POLLEN AND NON-POLLEN PALYNOMORPH ANALYSES OF PEAT: INFERRING HOLOCENE VEGETATION CHANGE AND BOG DEVELOPMENT ON NORTHERN VANCOUVER ISLAND

Wetlands occupy 50 to 75% of the British Columbia coast. Despite the widespread occurrence of bogs in the region, few palynological studies have investigated the effects of long-term environmental change on these ecosystems. A 3.24 m peat core was collected from a flat bog in advanced succession near Port McNeill on northern Vancouver Island. A chronology based on seven AMS radiocarbon ages indicates a basal age of 10,400 cal yr BP for the peat core. Fossil pollen and non-pollen palynomorphs (NPPs), including remains of testate amoebae, aquatic plants and fungi, were used to determine both local and regional changes in vegetation as well as local hydrological changes at the bog.

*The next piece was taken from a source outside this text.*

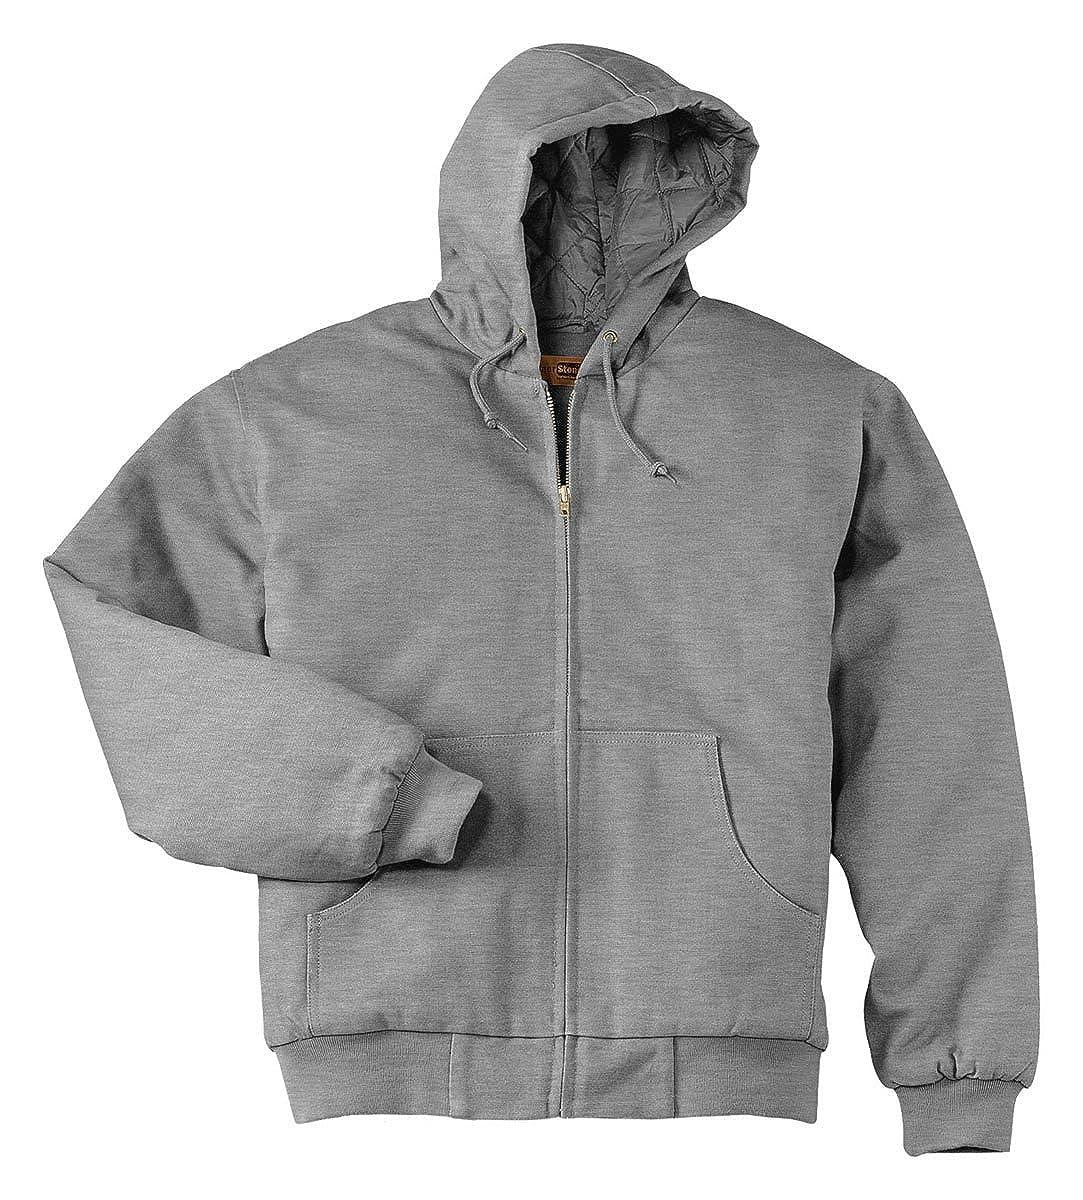 Cornerstone Mens Heavyweight Full-Zip Hooded Sweatshirt with Thermal Lining

An abundance of Nuphar pollen, sclereids and leaf hair basal cells indicates the presence of a wetland with standing water and/or bog pools in the earliest Holocene. A decreasing water table, inferred from testate amoebae and fungal remains, enabled a Sphagnum-dominated peat bog to develop by 7500 cal yr BP with abundant ericaceous shrubs after 4000 cal yr BP. On a regional scale, pollen assemblages indicate that early Holocene vegetation was mixed coniferous forest of Tsuga heterophylla, Picea sitchensis and Alnus rubra. Pseudotsuga menziesii, which is rare on northern Vancouver Island today, was also present, suggesting that warm early Holocene summers facilitated its northward expansion. By 8000 cal yr BP, regional forests transitioned to Tsuga heterophylla-dominated rainforests similar to today.

This study demonstrates the value of combining pollen analysis with NPPs in paleoenvironmental studies and, specifically, for understanding the paleoecological history of British Columbia wetlands. As a next step, we will compare changes in vegetation and hydrological conditions with long-term rates of carbon accumulation to clarify the links between plant communities, water table depth and carbon accumulation as well as the impacts of climate change on these important carbon sinks.